Abstract

To assess the role of insulin or an angiotensin II receptor antagonist (losartan), or both, in preventing cardiomyocyte damage in rats suffering from insulin-dependent diabetes mellitus (IDDM), and to correlate it with insulin receptor modulation at the cardiomyocyte, coronary endothelium and skeletal muscle cell level. Animals were divided into groups of normal rats, diabetic rats, and diabetic rats given insulin, each subdivided into a control group and an experimental group treated with losartan. The animals were killed 1 month after enrollment to the study. Perfusion of the heart with iodine-125-labelled insulin was carried out for all the groups and the binding kinetics of insulin to its receptors on the coronary endothelial cells and the cardiomyocytes were determined using a physical/mathematical model.
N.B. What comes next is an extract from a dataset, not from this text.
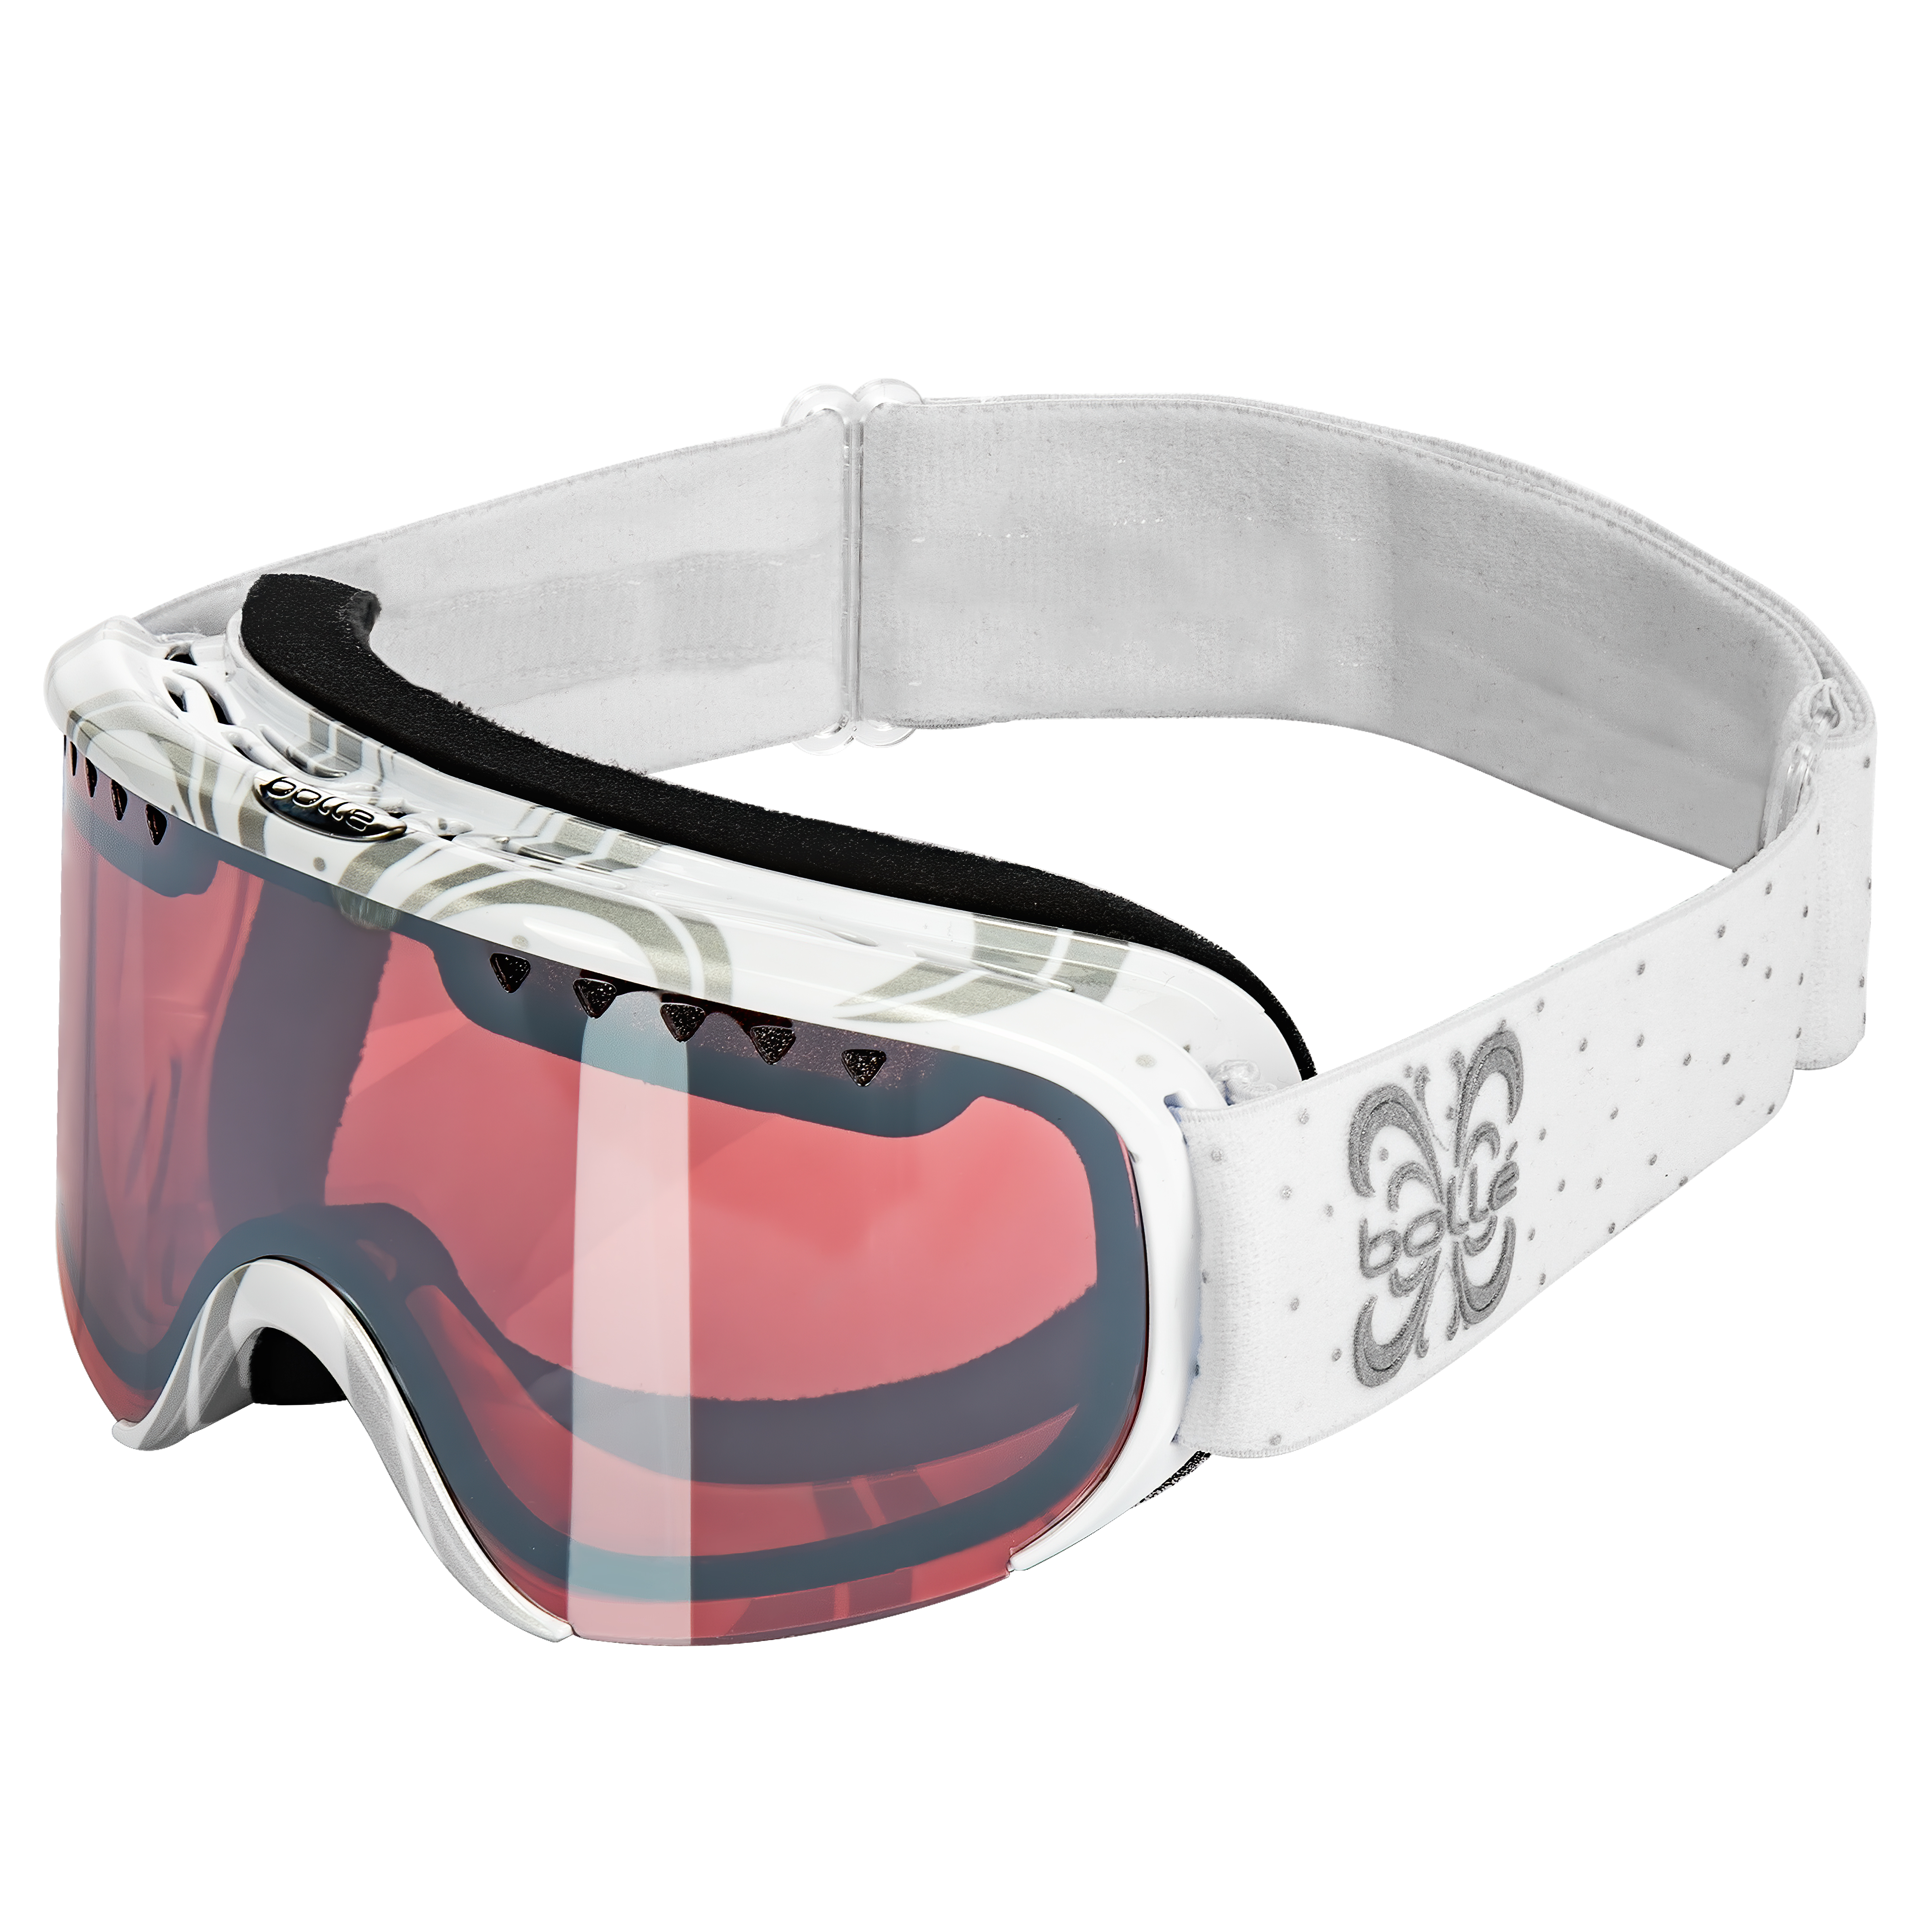 Цена лыжная маска для взрослых Bolle Scarlett Shiny White Night Vermillon Gun в Киеве
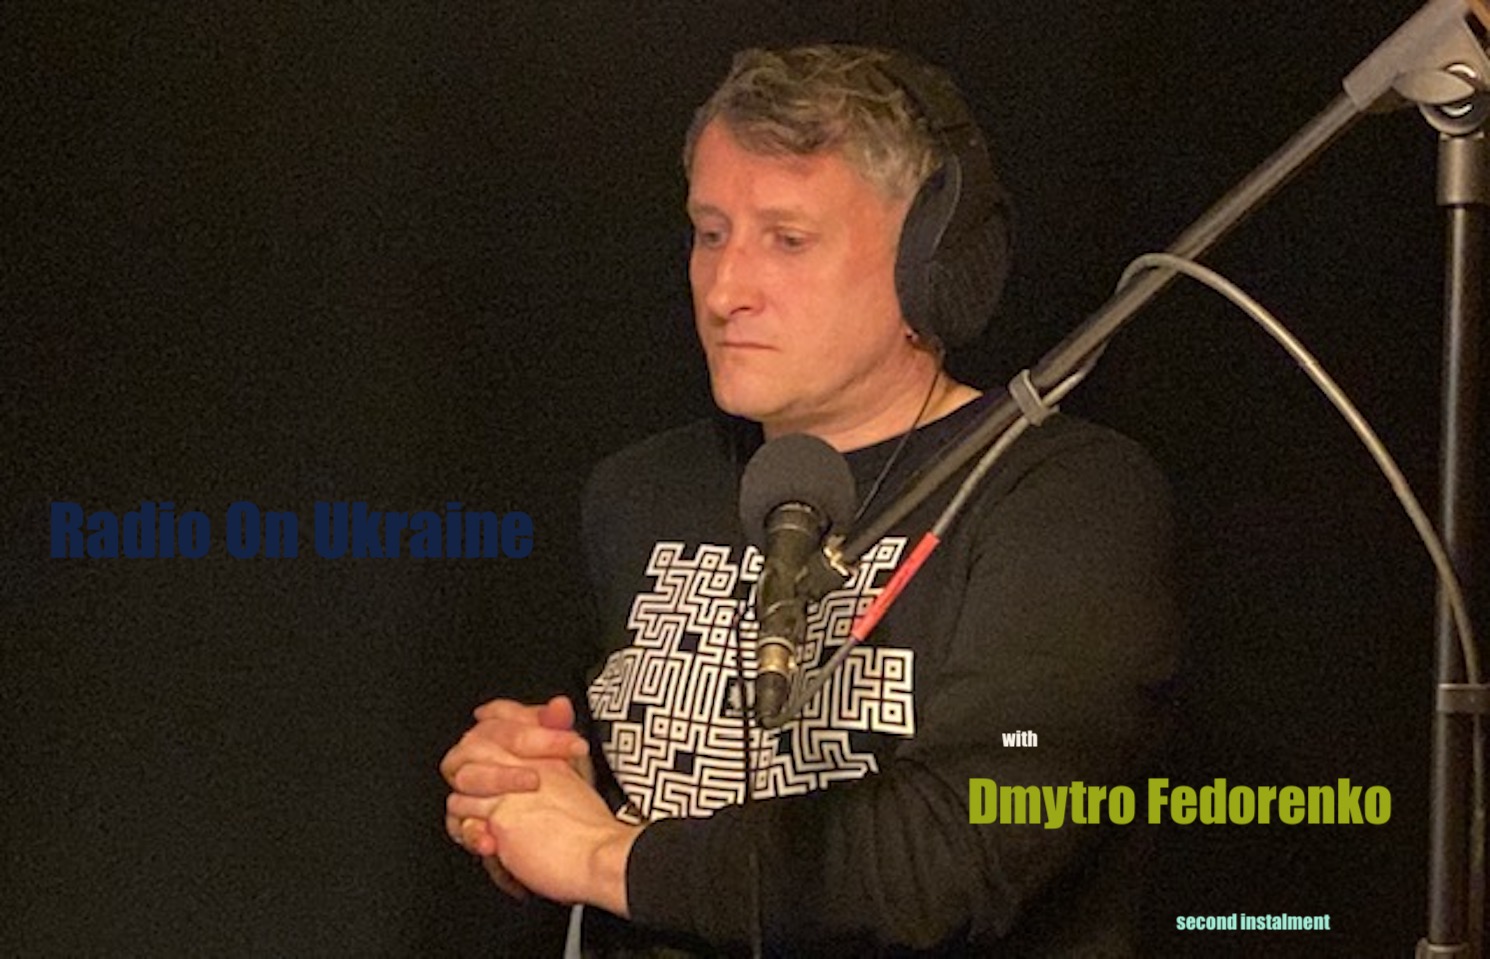 Radio On Ukraine with Dmytro Fedorenko, second instalment

In addition, tissue samples from the heart and intercostal skeletal muscle were snap frozen and used for histological, indirect immunofluorescence and western blot analysis. Cardiac muscle from diabetic animals exhibited diffuse cardiomyopathic changes consisting of widespread vacuolation, loss of striation and cellular hypertrophy, which were reduced and even prevented by treatment with insulin and losartan. In addition, losartan seemed to mediate the upregulation of insulin receptor density on cardiomyocytes and skeletal muscle, and increase insulin receptor affinity at the coronary endothelial site. Finally, treatment with losartan induced a significant decrease in glucose concentrations in the diabetic group compared with the appropriate controls. Addition of losartan to the standard insulin treatment in non-hypertensive animals with IDDM offers new benefits concerning cardiac protection and prevention of damage. This may be attributed, in part, to insulin receptor density and sensitization.